When a sample consists of more than one variable, descriptive statistics may be used to describe the relationship between pairs of variables. In this case, descriptive statistics include:
- Cross-tabulations and contingency tables
- Graphical representation via scatterplots
- Quantitative measures of dependence
- Descriptions of conditional distributions
The main reason for differentiating univariate and bivariate analysis is that bivariate analysis is not only simple descriptive analysis, but also it describes the relationship between two different variables. Quantitative measures of dependence include correlation (such as Pearson’s r when both variables are continuous, or Spearman’s rho if one or both are not) and covariance (which reflects the scale variables are measured on). The slope, in regression analysis, also reflects the relationship between variables. The unstandardized slope indicates the unit change in the criterion variable for a one unit change in the predictor. The standardized slope indicates this change in standardized (z-score) units. Highly skewed data are often transformed by taking logarithms. Use of logarithms makes graphs more symmetrical and look more similar to the normal distribution, making them easier to interpret intuitively.[p1]

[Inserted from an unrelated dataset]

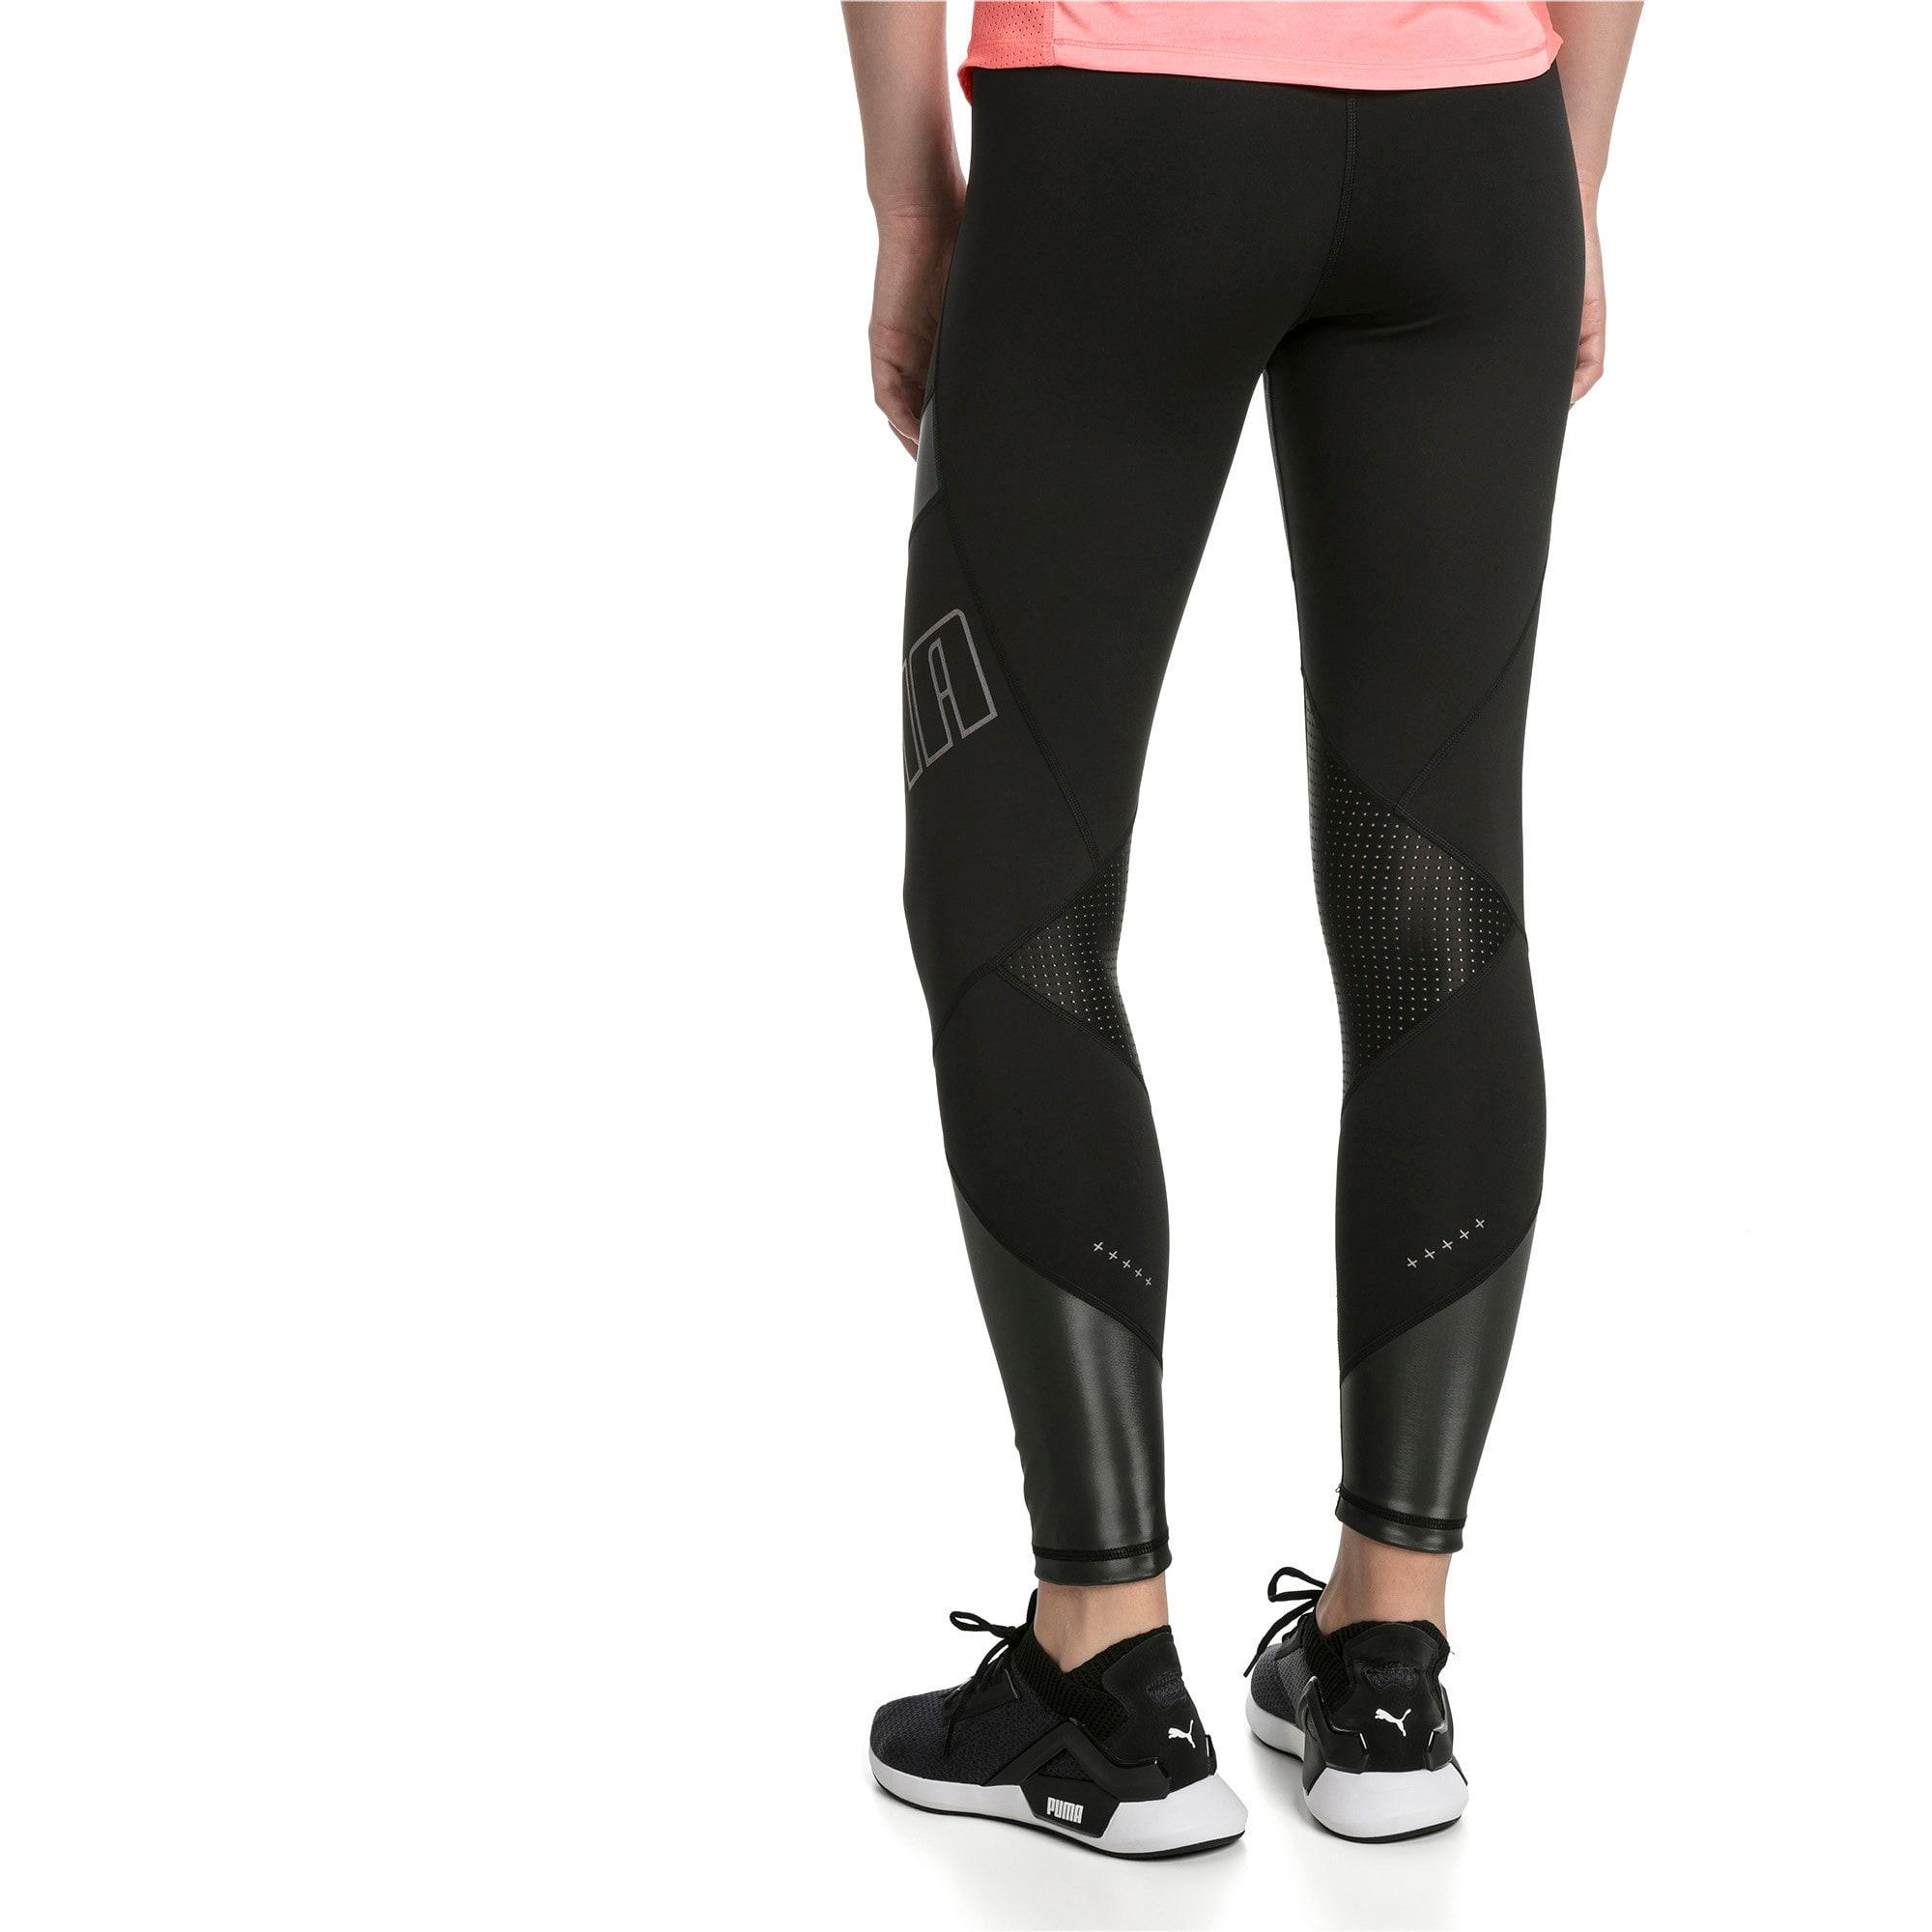 Thumbnail 2 of Elite Women's Running Leggings, Puma Black, medium-IND

Correlation is any statistical association (statistical relationship) between two random variables or bi-variate data. In common cases though, it refers to how close of a linear relationship two variables have with each other.

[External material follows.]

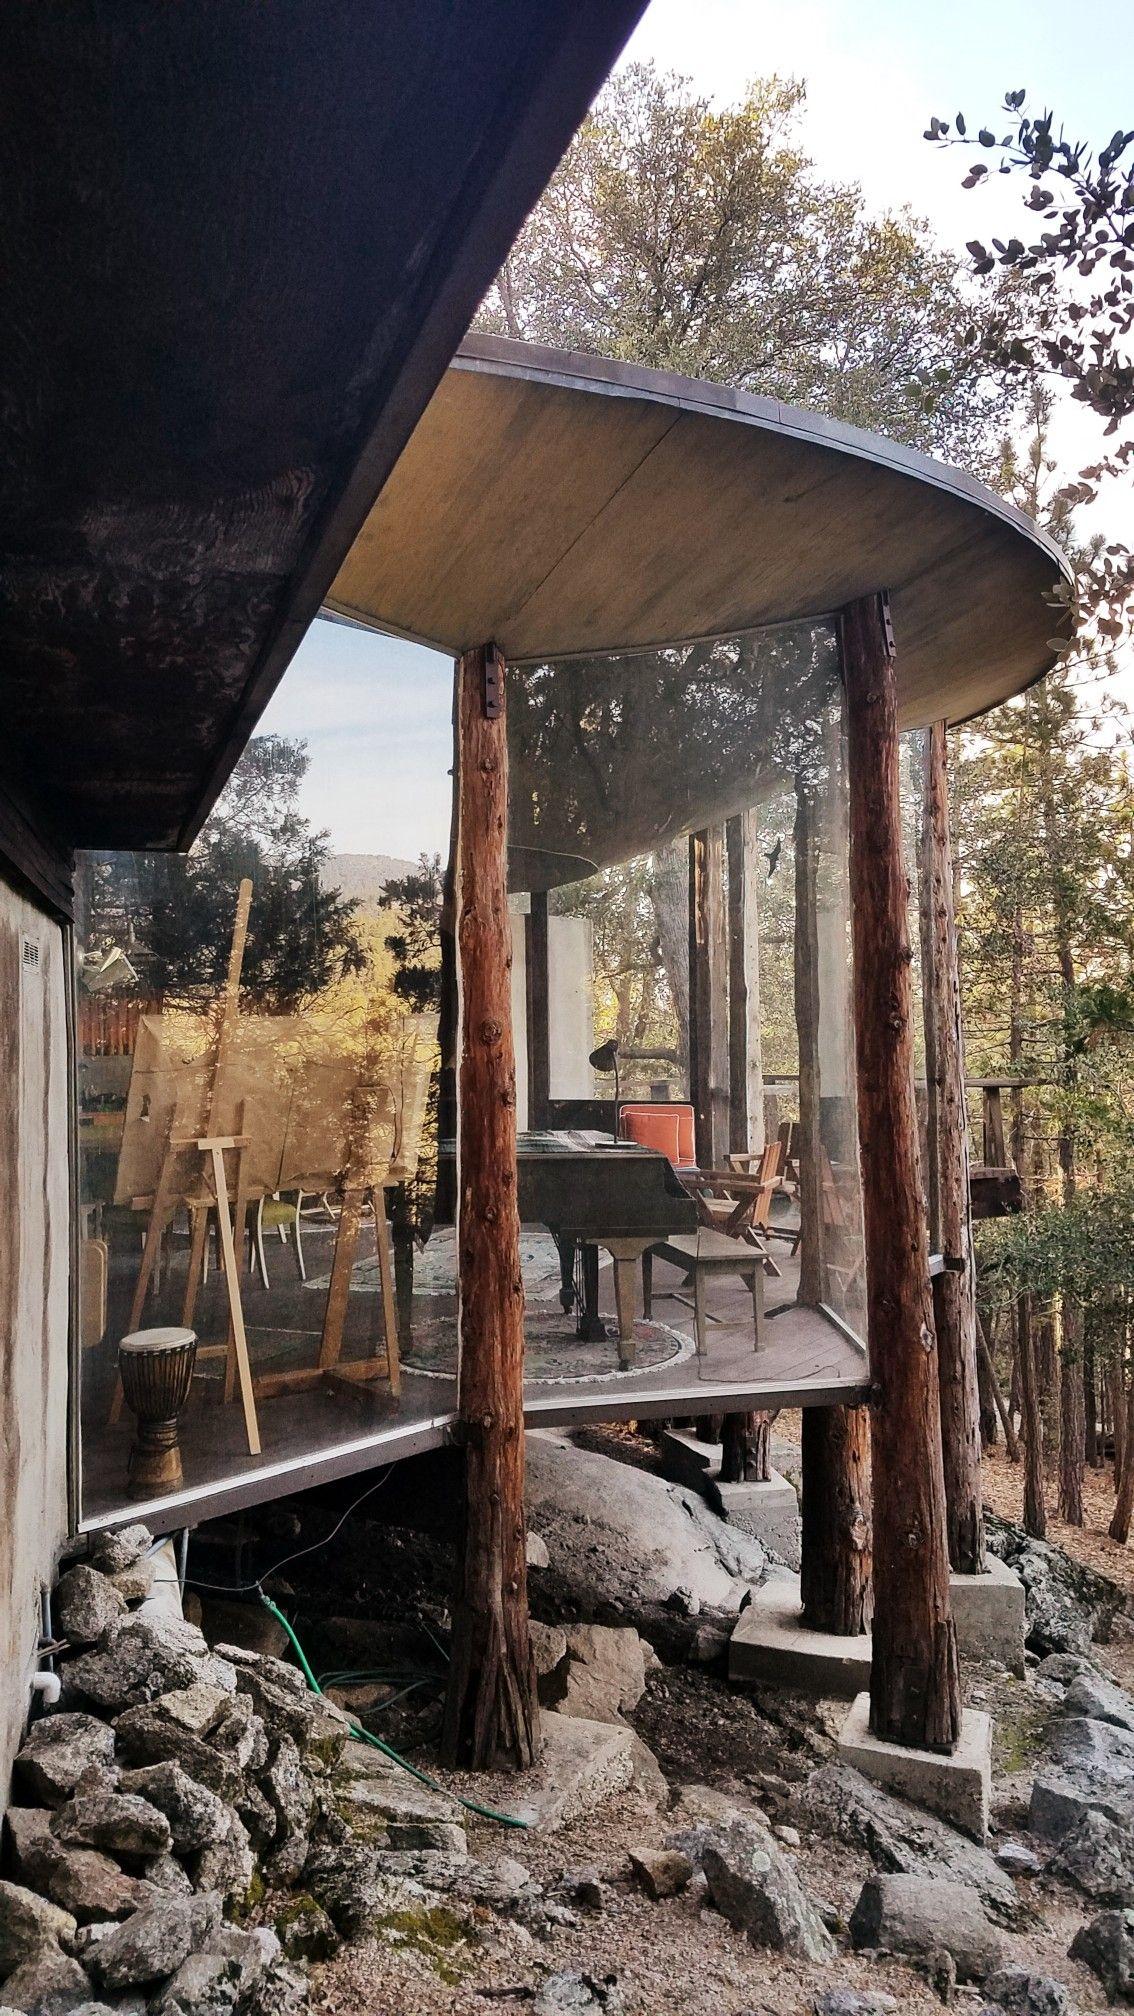 Pearlman Cabin, 1957 Idyllwild, CA

Some examples of data that have a high correlation:
- Hype for Machine Learning Vs people doing Machine Learning work.
- Distance you run each day and your fitness level.

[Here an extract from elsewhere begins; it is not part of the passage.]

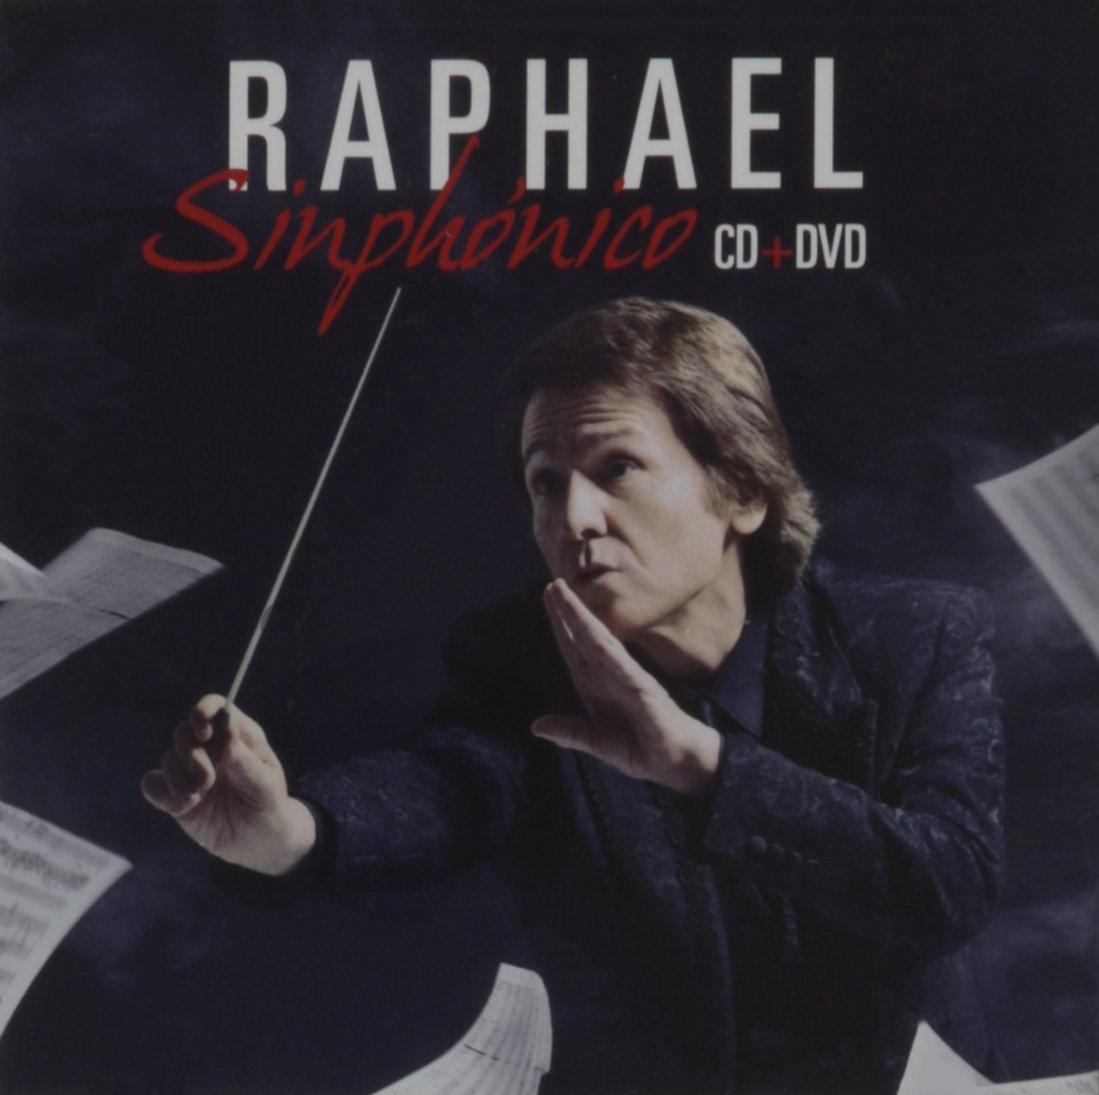 Sinph¢nico [CD/DVD Combo] by Universal Music Latino

- The amount of typing you do and your average typing wpm.
Some examples of data that have a low correlation (or none at all):
- How much TV you watch vs how much food your dog eats.
- Your Uncle’s favorite color and your name.
- Possible release dates for Avenger’s : Endgame (2019) and possible release dates for Joker (2019) [not too sure though]
Mathematically, it depends on correlation coefficient ‘r’ it ranges from -1.0 to +1.0 and the closer r is to -1.0 or +1.0, the more closely related the two variables are. For correlation due to value being closer to -1.0, it is also called ‘inverse’ correlation.
Usually, in statistics, we measure four types of correlations: Pearson correlation, Kendall rank correlation, Spearman correlation, and the Point-Biserial correlation. But Pearson r correlation is the most widely used technique for linear relationship between variables :
There are five assumptions that are made with respect to Pearson’s correlation:
- The variables must be either interval or ratio measurements.
- The variables must be approximately normally distributed.
- There is a linear relationship between the two variables.
- Outliers are either kept to a minimum or are removed entirely. (This can be done by removing the extreme outliers after plotting the data)
- There is homoscedasticity of the data. In statistics, a sequence or a vector of random variables is homoscedastic if all random variables in the sequence or vector have the same finite variance. This is also known as homogeneity of variance. [p2]
Therefore it is inappropriate to use Pearson’s r coefficient method on data that doesn’t fulfill the above requirements such as the non-linear dataset in above plots, which will give erroneous values of r. To avoid this data can be plotted through usage of scatter plot and verified for linearity.